Simulated Author's Rebuttal

3 responses · 2 unresolved

We thank the referee for the thoughtful and constructive report. We address each major comment point by point below, providing the strongest honest defense of the manuscript while acknowledging its limitations. Revisions have been made where feasible without misrepresenting the work.

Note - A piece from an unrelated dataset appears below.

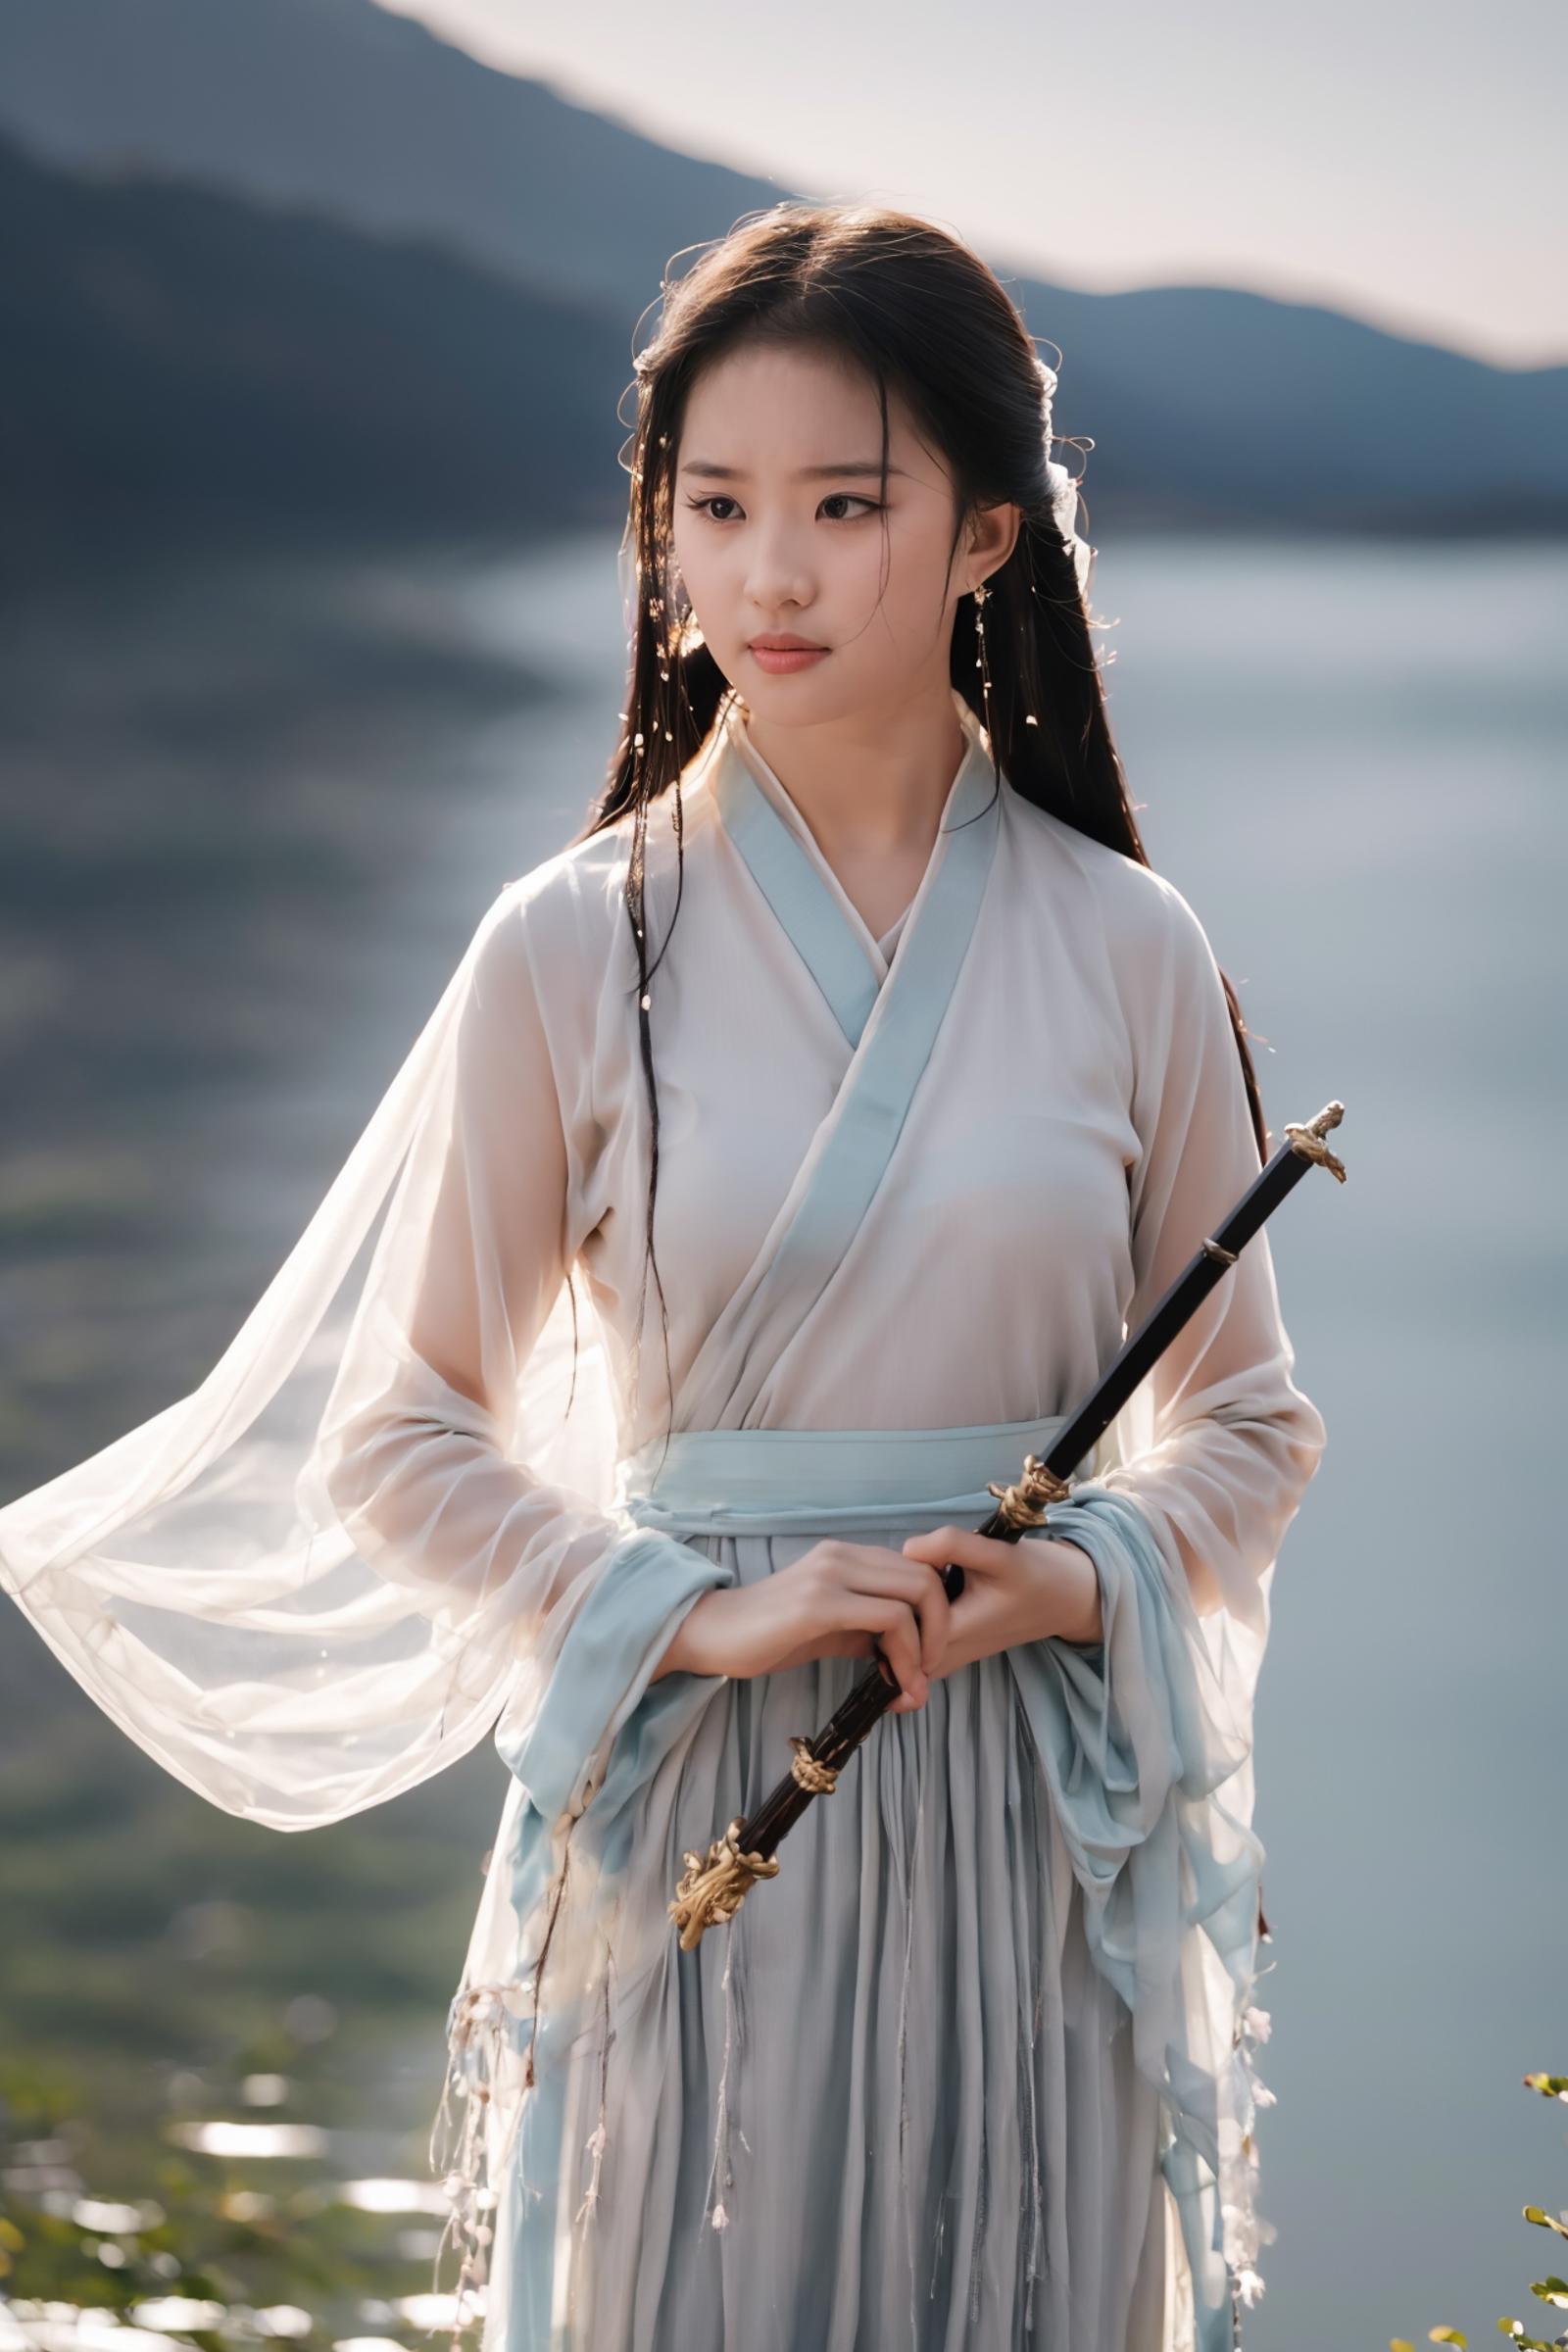 LiuYifei-Younger 神仙妹妹 刘亦菲 image by izitn

read point-by-point responses
  1. Referee: [Abstract] Abstract and experimental results: The central claims—that SSL yields substantially fewer regions at comparable accuracy, that contrastive methods expand while self-distillation consolidates regions, and that collapse is detectable early—rest entirely on counts and properties of 2D polytopes extracted by SplineCam near the data distribution. Linear regions are defined by hyperplane arrangements in the full input dimension (784 for MNIST); no argument or additional experiment is supplied showing why local 2D slices capture global trends in region number, merging, or correlation with representation quality.

    Authors: We acknowledge that exact enumeration of linear regions in 784-dimensional space is intractable due to exponential growth with network depth. SplineCam enables tractable local 2D sampling near the data manifold, which prior supervised ReLU analyses have also employed as a proxy. Our results demonstrate consistent correlations between these local metrics and accuracy/collapse across datasets and methods. In revision, we have expanded the methods and discussion sections to explicitly justify the local 2D choice, reference its use in related literature, and state its limitations as a proxy rather than a global characterization. Additional consistency checks across multiple 2D planes were added. revision: partial

  2. Referee: [Results] Experimental claims (throughout results): No error bars, statistical significance tests, or controls for confounding factors such as model architecture size, optimization hyperparameters, or random seeds are reported. This makes it impossible to assess whether the observed differences in region expansion/consolidation or early collapse signals are robust or could be artifacts of particular training runs.

    Authors: The original submission indeed omitted variability measures and controls. We have rerun the primary experiments using five random seeds per configuration, added error bars to all figures, and included paired t-tests to establish statistical significance of differences between supervised, contrastive, and self-distillation methods. An ablation varying network depth and width while holding other factors fixed has also been incorporated to address architecture confounds. These changes appear in the revised results section. revision: yes

  3. Referee: [Discussion] Section on representation quality: The assertion that polytopal metrics serve as reliable indicators of representation quality is supported only by correlation with downstream accuracy in the reported experiments. No ablation or causal test is provided to rule out that the geometric changes are incidental rather than mechanistically linked to the learned representations.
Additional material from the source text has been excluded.